High dimension and low dimension data science

I’ve observed that there are two broad approaches that people take to getting information out of data. One approach is to simply throw a kitchen sink full of analytical techniques at the data. Without really trying to understand what the data looks like, and what the relationships may be, the analyst simply uses one method after another to try and get insight from the data. Along the way, a “model” will get built.

The other approach (which I’m partial to) involves understanding each variable, and relationship between variables as a first step to getting insight from the data. Here, too, a model might get built, but it will be conditional on the analyst’s view on what kind of a model might suit the data after looking at the data.

Considering that both these approaches are used by large numbers of analysts, it is highly likely that both are legitimate. Then what explains the fact that some analysts use one approach, and others use another? Having thought about it for a long time, I have a hypothesis – it depends on the kind of data being analysed. More precisely, it has to do with the dimensionality of the data.

The first approach (which one might classify as “machine learning”) works well when the data is of high dimensions – where the number of predictors that can be used for predictors is really large, of the order of thousands or larger. For example, even a seemingly low-resolution 32 by 32 pixel image, looked at as a data point, has 1024 dimensions (colour of the image at each of the 1024 pixels is a different dimension).

Moreover, in such situations, it is likely that the signal in the data doesn’t come from one, or, two, or a handful of predictors. In high dimension data science, the signal usually comes from complex interplay of data along various dimensions. And this kind of search is not something humans are fit for – it is best that the machines are left to “learn” the model by themselves, and so you get machine learning.
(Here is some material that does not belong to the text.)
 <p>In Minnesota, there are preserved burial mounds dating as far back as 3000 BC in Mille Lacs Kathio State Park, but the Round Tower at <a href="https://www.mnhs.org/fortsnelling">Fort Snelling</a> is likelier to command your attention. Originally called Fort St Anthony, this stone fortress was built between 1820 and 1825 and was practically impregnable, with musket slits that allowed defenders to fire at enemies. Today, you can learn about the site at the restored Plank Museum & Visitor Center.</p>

On the other hand, when the dimensionality of the dataset is low, it is possible (and “easy”) for an analyst to look at the interplay of factors in detail, and understand the data before going on to build the model. Doing so can help the analyst identify patterns in the data that may not be that apparent to a machine, and it is also likely that in such datasets, the signal lies with data along a small number of dimensions, where relatively simple manipulation will suffice. The low dimensionality also means that complex machine learning techniques are unlikely to contribute much in such cases.
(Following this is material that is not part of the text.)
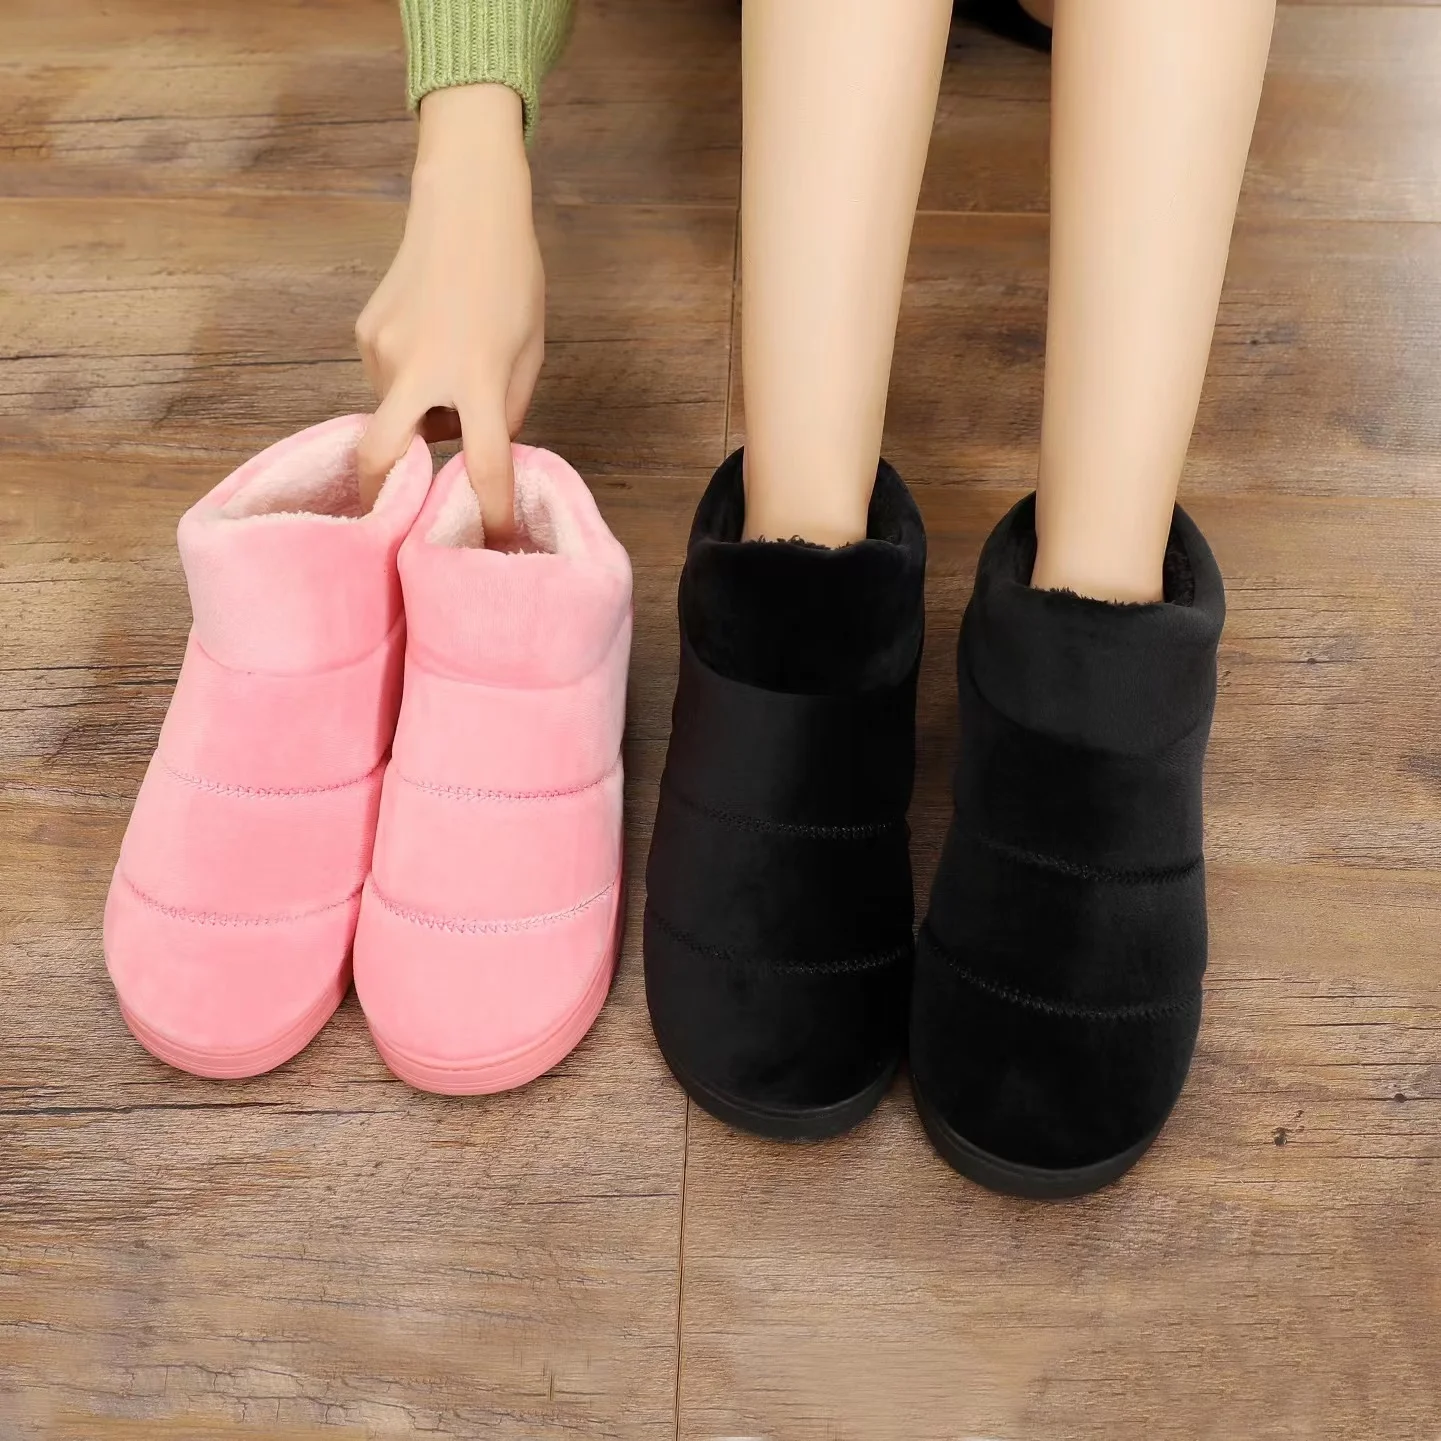 Hot Selling Indoor Women Slippers Warm Winter Rechargeable Heated Shoes Nonslip Heating Cotton Shoes

As you might expect, from an organisational perspective, the solution is quite simple – to deploy high-dimension data scientists on high-dimension problems, and likewise with low-dimension data scientists. Since this distinction between high-dimension and low-dimension data scientists isn’t very well known, it’s quite possible that the scientists might be made to work on a problem of dimensionality that is outside of their comfort zone.
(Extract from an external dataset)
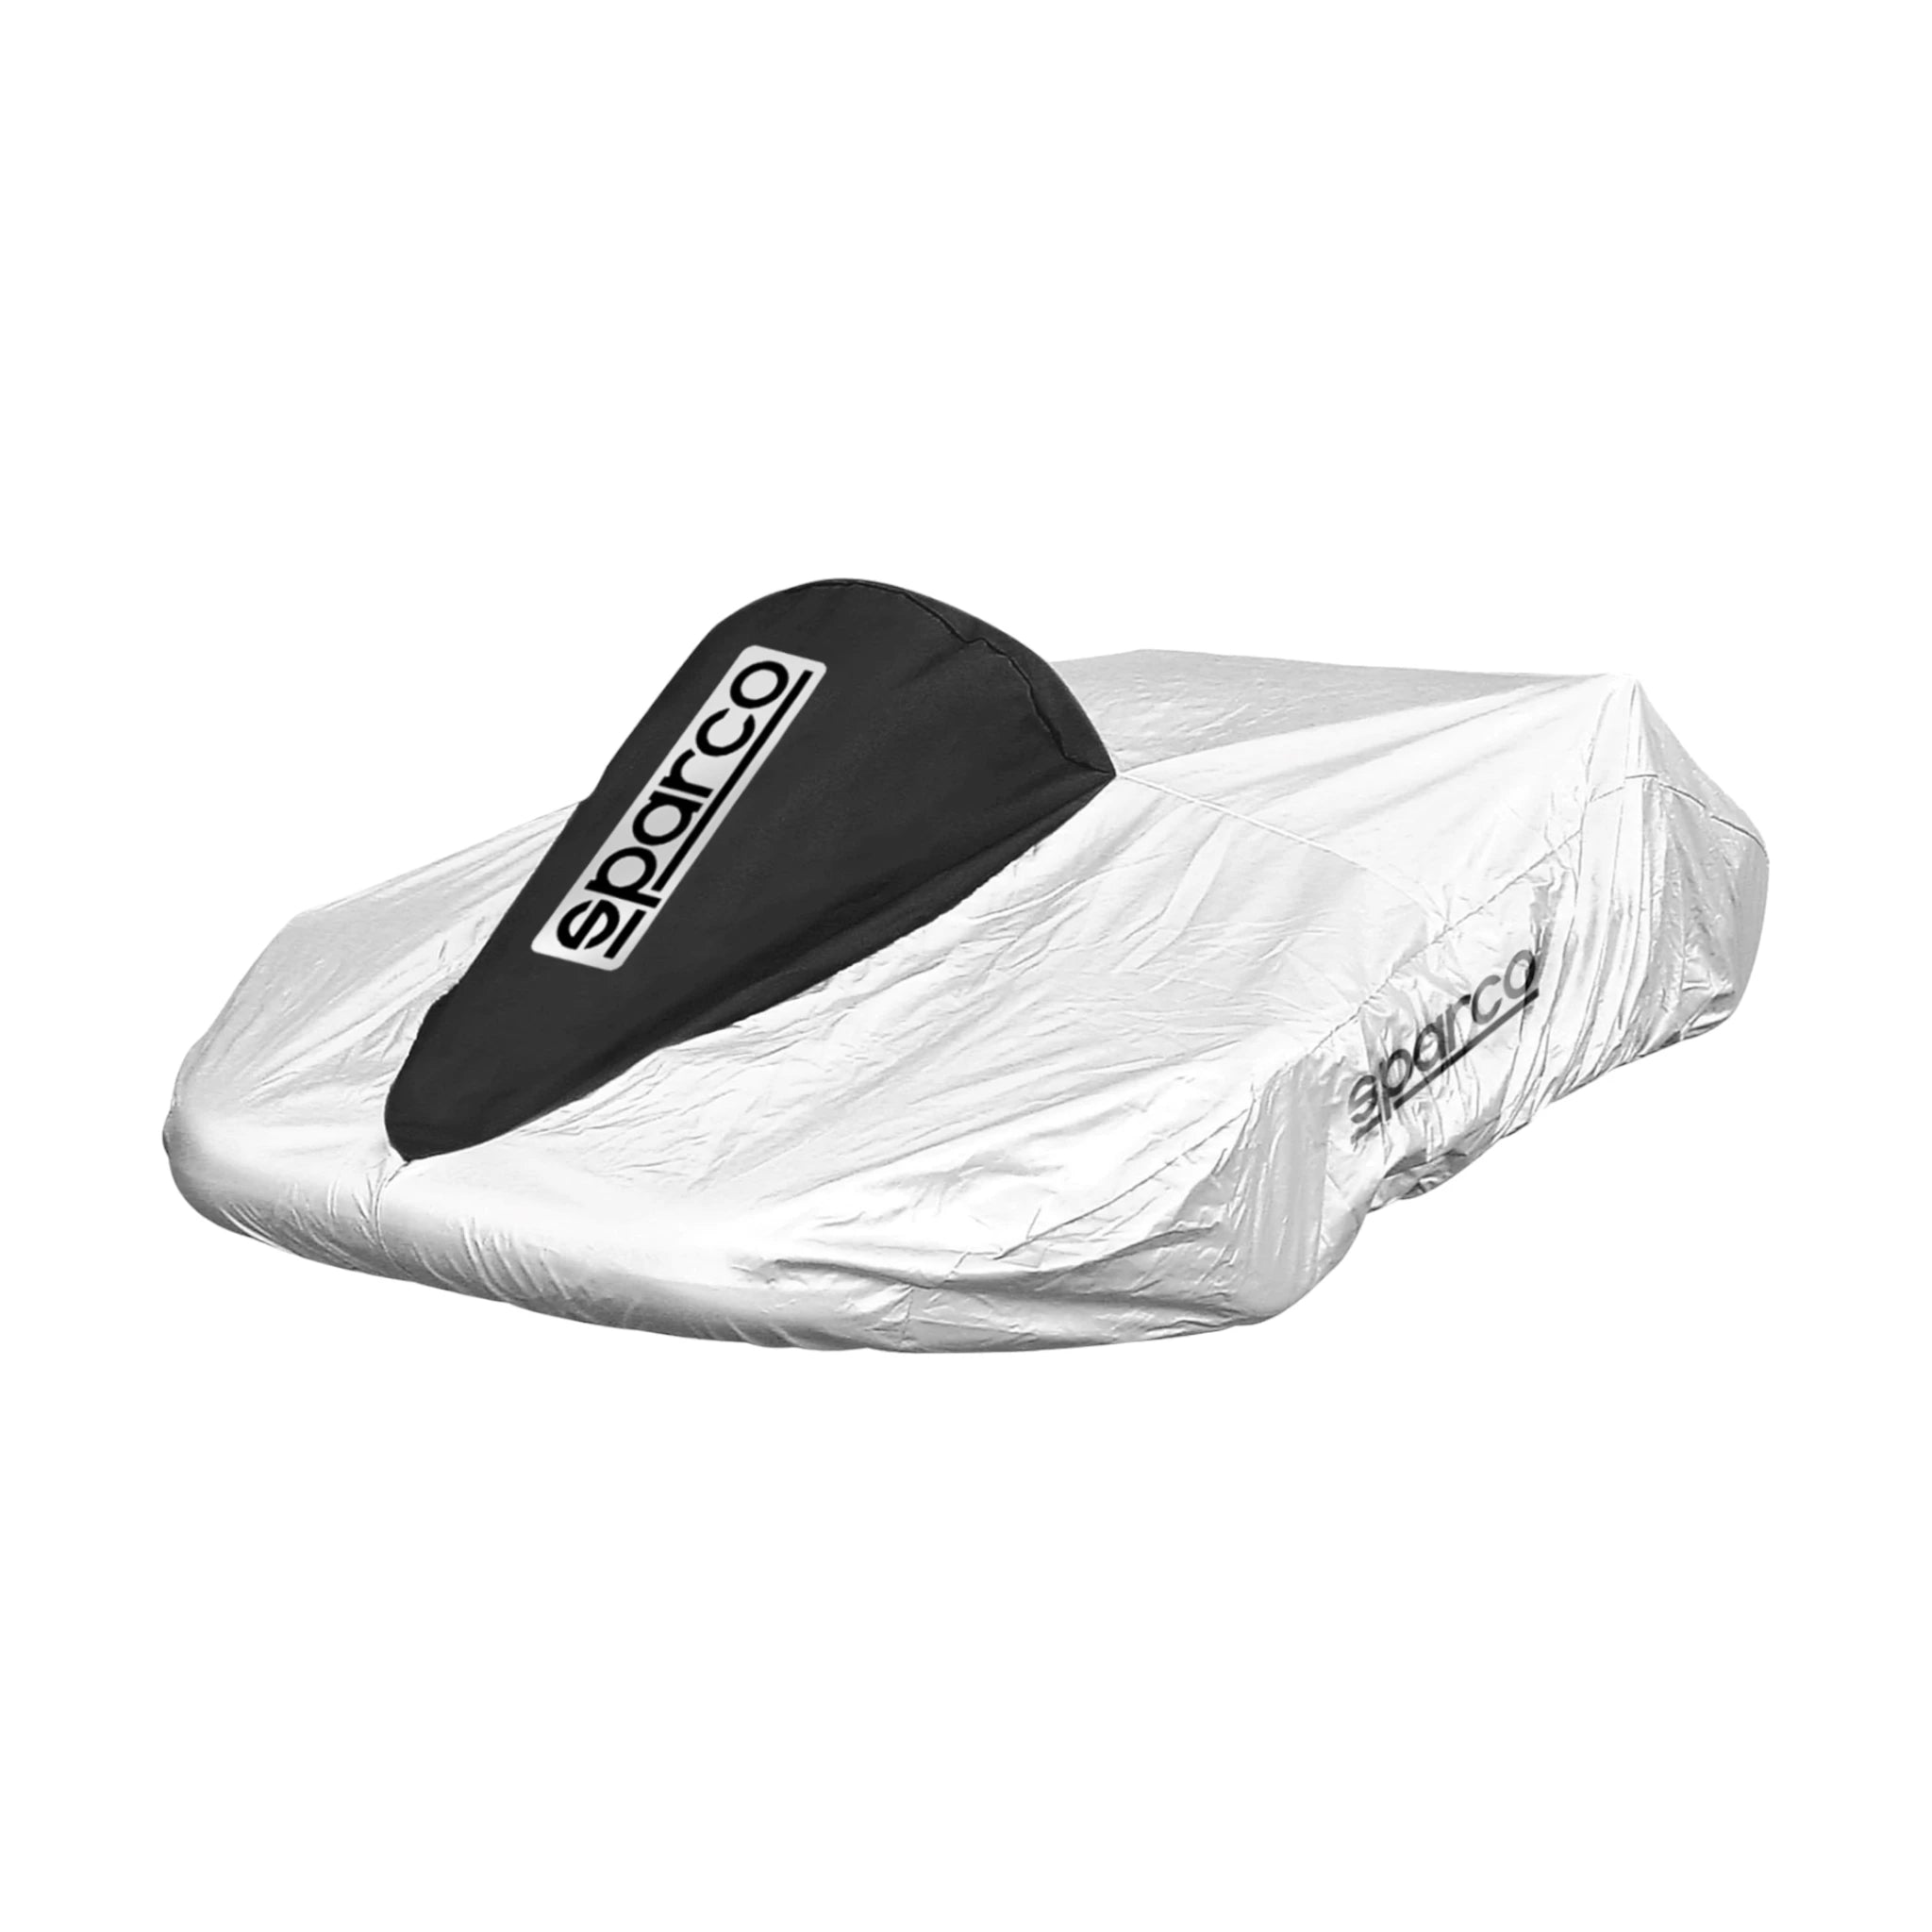 SPARCO KART COVER

So when you have low dimensional data scientists faced with a large number of dimensions of data, you will see them use brute force to try and find signals in bivariate relationships in the data – an approach that will never work since the signal lies in a more complex interplay of dimensions.

On the other hand, when you put high dimension data scientists on a low dimension problem, you will either see them missing out on associations that a human could easily find but a machine might find hard to find, or they might unnecessarily “reduce the problem to a known problem” by generating and importing large amounts of data in order to turn it into a high dimension problem!

PS: I wanted to tweet this today but forgot. Basically, you use logistic regression when you think the signal is an “or” of conditions on some of the underlying variables. On the other hand, if you think the signal is more likely to be an “and” condition of certain conditions, then you should use decision trees!